Watt stepped to one side to reveal the scene behind him. He had been standing in front of a wide window. It looked like that of a control room, facing out over a vast floor, dark in shadows. The floor was bare and dusty: just an empty expanse of untiled concrete, stretching away between lines of square, unadorned pillars into shadows cast by a few, weak, overhead lamps.

For a moment Hunt wasn’t sure what he was supposed to be looking at. “That’s it?”

“That’s it. Nothing. They didn’t even bother faking this one. Rodgar thinks it could have been like this for centuries.”

The camera moved, sliding Watt out of the frame completely and showing more derelict galleries. There were oddments of trash and debris scattered in places, and here and there a length of cable hanging from a roof support. Small animals were scurrying in the shadows. Hunt wondered if there had once been equipment installed there that had been moved elsewhere for some reason.

It seemed larger than most of the other vaults that Duncan had checked. Hunt tried to visualize it as the Thurien designers had intended: packed with tiers of crystalline slab stacked to the roof and serviced by access elevators and walkways-Hunt had “visited” some of the halls on Thurien where VISAR’s bulk-processing centers were located. The contrast between the desolation of the view on the screen and the image in Hunt’s mind took on an odd significance that he couldn’t quite pin down. He stared at the screen with a strange mixture of somberness and reverie.
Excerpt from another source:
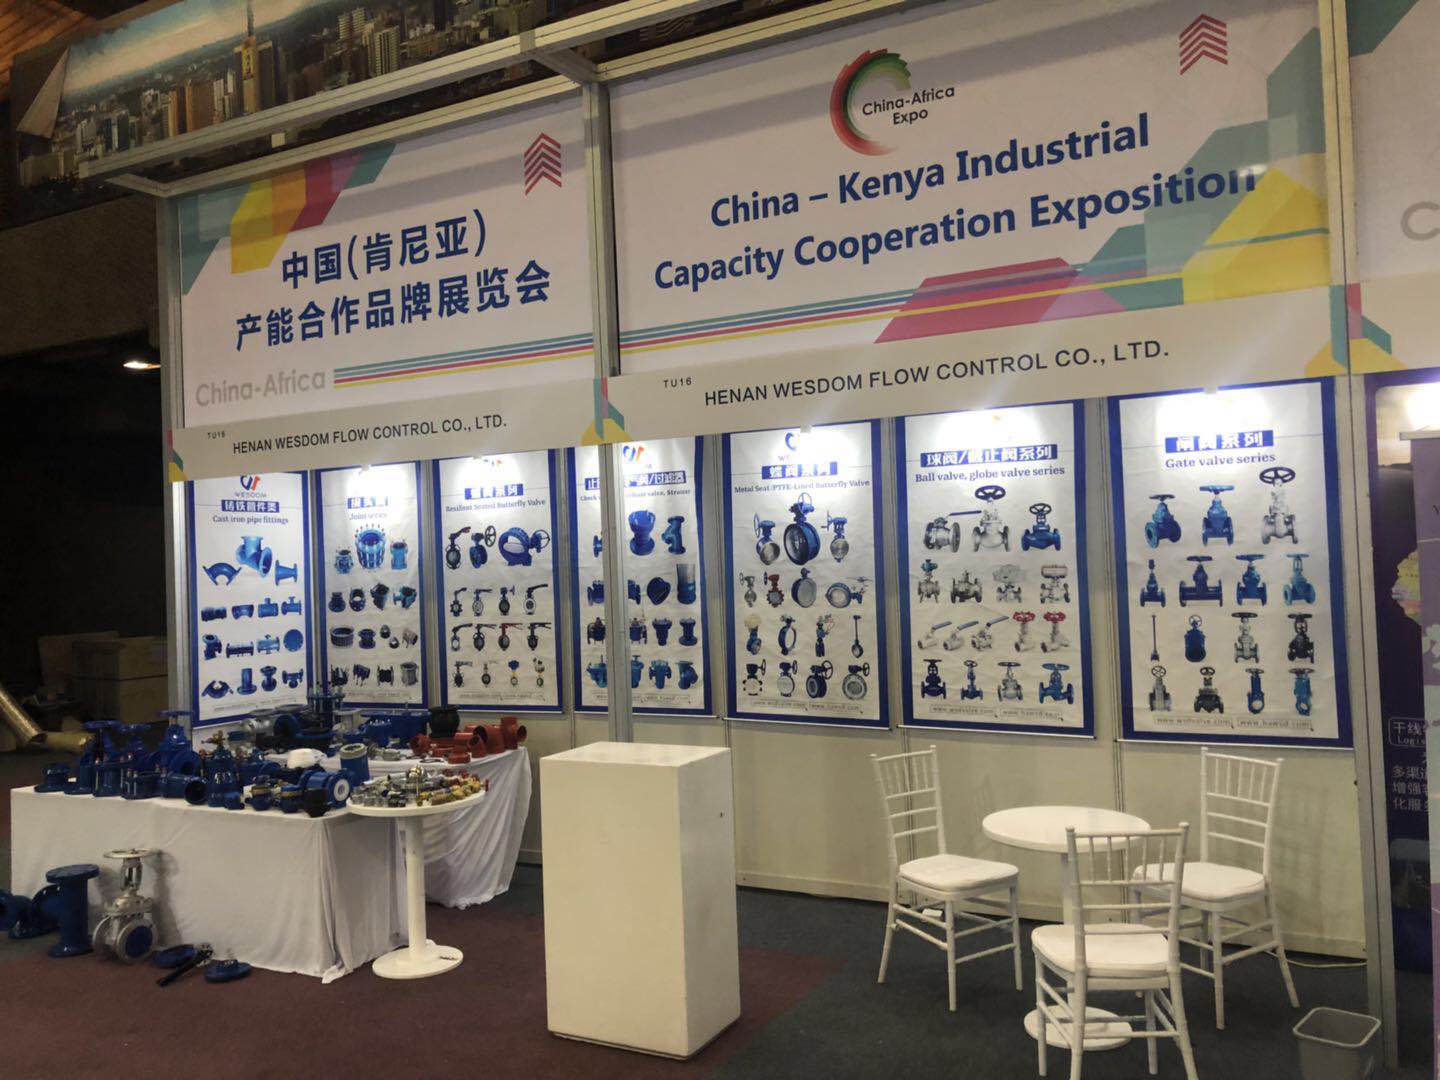 WESDOM Attend China-Kenya Industrial Capacity Cooperation Exposition

“You’re getting around, anyway, Duncan,” he half heard Gina saying from across the room.

“If you think Shiban’s run down, come and see this place,” Watt answered.

Something moving caught Hunt’s eye-something bright, appearing and disappearing in the shadows higher up between two of the pillars. Several things, tiny white points. Hunt stared at the view, then realized that they were flying, insectlike creatures, crisscrossing through a shaft of light from one of the lamps. They looked like speeded-up images of stars orbiting in a black void, he thought to himself.

“Did you hear about the news from JPC?” Gina was asking Duncan.

“Not yet. What’s up?”

“Oh, it doesn’t sound too good…”

And then a strange superposition took place in Hunt’s mind of the scene he was looking at, and the picture in his imagination of what should have been there but wasn’t. He saw the void, but its volume filled in his mind’s eye with banks of Thurien processing crystal; the tiny points of light were still there, orbiting through the solid lattices. And suddenly he saw them no longer as stars, but as atoms.

Or as elementary quanta.

Quanta of what? Nobody knew. It could have been anything.

The quanta that a real, physical universe could evolve out of.

Загрузка...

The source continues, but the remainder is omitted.